Mr. Pettigrew now earned three galleons more per year. He was still, however, unsatisfied (despite his grand estate and favorable living conditions), so like any father, he pushed his son to live a life better than his. He stood now in Peter’s doorway, arms crossed angrily in front of him as he glared at his son.
“What’ve you been doing all day, eh, you lazy mutt?”
“I’ve…I’ve been…been helping…” came the feeble stutter of a reply.
“Been helpin’, have y’?”
“Been helping Grandmum.”
“Been helpin’ yer grandmum?” his father cried, torn between incredulity and fury. “Yer Grandmum? How many times do I gotta tell y’ the old bat’s gunna die any day now? Yer wastin’ yer time with her, boy. Help summun who’ll help you.”
“She needed me,” Peter insisted defensively.
“Oh pish posh,” Mr. Pettigrew scoffed. “Loads o’ people’re gunna need y’. Y’ gotta know which ones to help. Y’ wanna end up here, boy?” Mr. Pettigrew gestured around. “Y’ wanna live like a pig the rest o’ yer life? Naw, yer a Gryffindor. Y’ gotta make sumthun ov yerself an’ make yer house proud, y’ hear? There’ll be no wastin’ time under my roof. Y’ keep on like this and yer gunna end up a filthy squib, beggin’ like a Muggle on the streets.” He stood and made for the door, pausing to throw a last warning glance at Peter. “Y’ help the people who’re gunna help y’ win, son.”
* * *
Remus Lupin woke with a start, sweat beaded on his forehead and matted through his hair, thoughts of red eyes and lipless sneers quickening his heartbeat, wild growls still ringing in his ears. He moved quietly to his feet, shaking as he walked to the kitchen, careful not to wake his parents. He grasped the counter, hastily lighting his wand as he searched for a glass.
He drank hungrily, letting the water drain his fears. Momentarily relieved, he made for the stairs, anxious to get as much rest as possible before the full moon just days away. As he scrambled back into his bed, a small photo frame clattered to floor from his bedside table. Praying the noise went unheard, he reached for it and placed it back on the nightstand, purposely avoiding the faces grinning at him from behind the glass.

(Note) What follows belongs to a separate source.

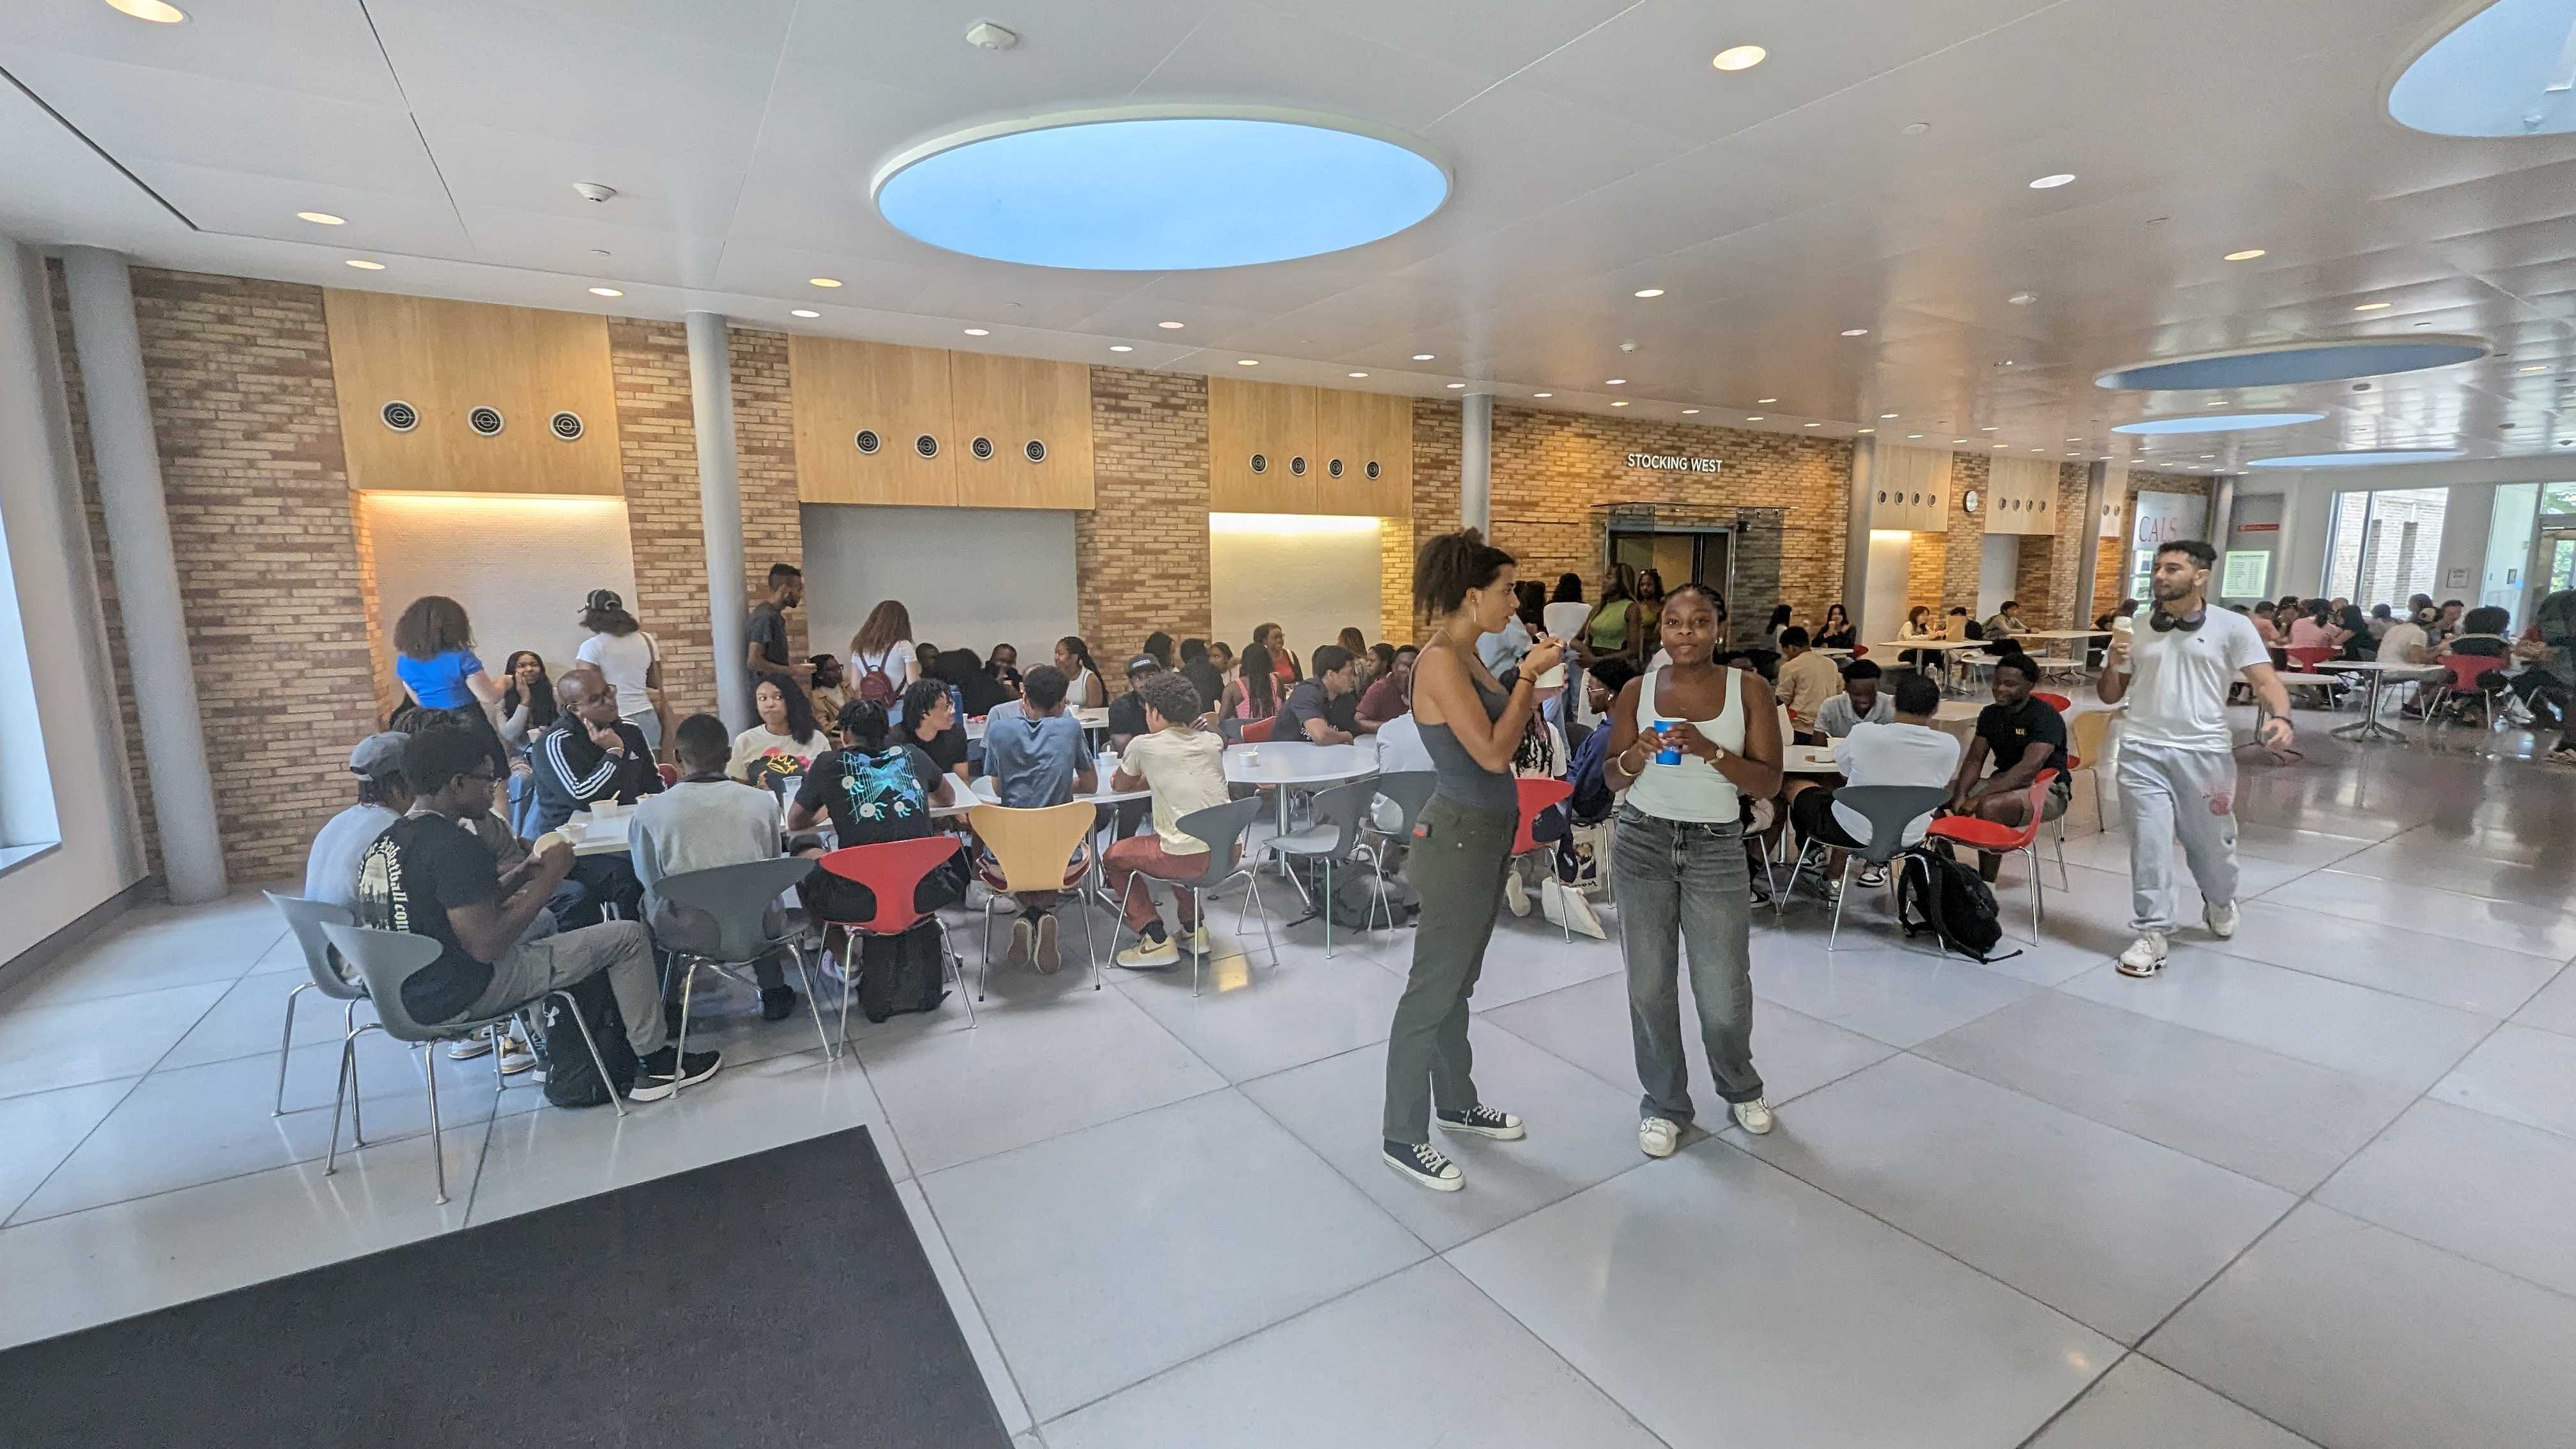 This image slider contains images of NSBE-CU's Ice Cream Social event. The first image of this slider displays a group of students sitting at the Cornell Dairy Bar, sitting at several tables and conversing amongst each other.

They were faces he’d cringed at frequently: four boys, arms around each other, healthy, carefree, and lively. Though figures of friendship, happiness, and inclusion to Remus, they also reminded him of every way he was different. They were the three whose lives he’d endangered just by association, the three whose fate he feared for more than his own.
Remus fell asleep with thoughts of battle and despair, the war feeling more real to him with every passing moment. The Marauders, he realized, must fight, too.
* * *
They would fight, and one by one, they would fall – fall, perhaps, for a greater good. The Marauders were marked from the beginning, destined for greatness and consequently for tragedy. Their tale is bittersweet, wrought with passion, love, sorrow, and betrayal. Their happy ending lay not in their own stories, but in the future they created, the future that saw the demise of the Dark Lord. But before the world claimed their laughter, the Marauders were just four teenage boys – the kings of their time and symbols of power, intelligence, rebellion, and, above all, brotherhood.